PyPruning

This package provides implementations for some common ensemble pruning algorithms. Pruning algorithms aim to select the best subset of an trained ensemble to minimize memory consumption and maximize accuracy. Currently, six types of pruning algorithms are implemented:

RandomPruningClassifier: Selects a random subset of classifiers. This is mainly used as a baseline.
RankPruningClassifier: Rank each classifier according to a given metric and then select the best K classifier.
ClusterPruningClassifier: Cluster the classifiers according to a clustering method and then select a representative from each cluster to from the sub-ensemble.
GreedyPruningClassifier: Proceeds in rounds and selects the best classifier in each round given the already selected sub-ensemble.
MIQPPruningClassifier: Constructs a mixed-integer quadratic problem and optimizes this to compute the best sub ensemble.
ProxPruningClassifier: Minimize a (regularized) loss function via (stochastic) proximal gradient descent over the ensembles weights.
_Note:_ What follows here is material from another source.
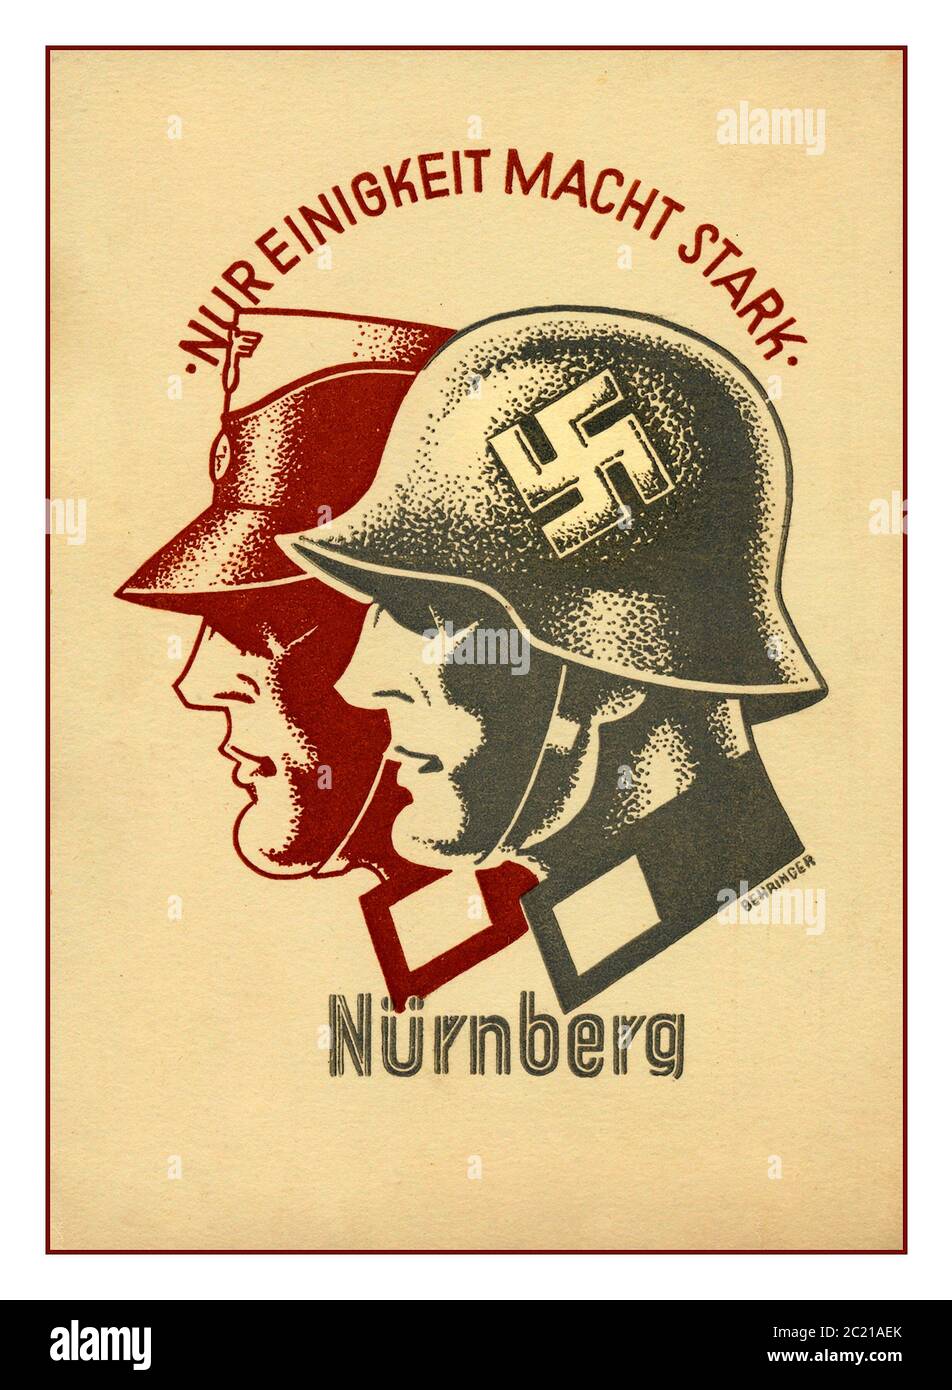 Nazi-Propaganda-Plakat des Jahrgangs 1930 'nur einheit macht stark' mit Profilen eines paramilitärischen uniformierten NSDAP-Mitglieds mit einem Nazi-Wehrmachtssoldaten, der einen Helm mit Hakenkreuz trägt. Nürnberg (der Treffpunkt der Rallye) untertippte unter der Abbildung. Stockfoto

For more details please have a look at the documentation.

How to install

You can install this package via directly via pip from git

pip install git+https://github.com/sbuschjaeger/PyPruning.git

If you have trouble with dependencies you can try setting up a conda environment which I use for development:

   git clone git@github.com:sbuschjaeger/PyPruning.git
   cd PyPruning
   conda env create -f environment.yml
   conda activate pypruning

Some notes on the MIQPPruningClassifier

For implementing the MIQPPruningClassifier we use cvxpy which does not come with a MIQP solver. If you want to use this algorithm you have to manually install a solver, e.g.

pip install cvopt

for a free solver or if you want to use a commercial solver and use Anaconda you can also install gurobi (with a free license)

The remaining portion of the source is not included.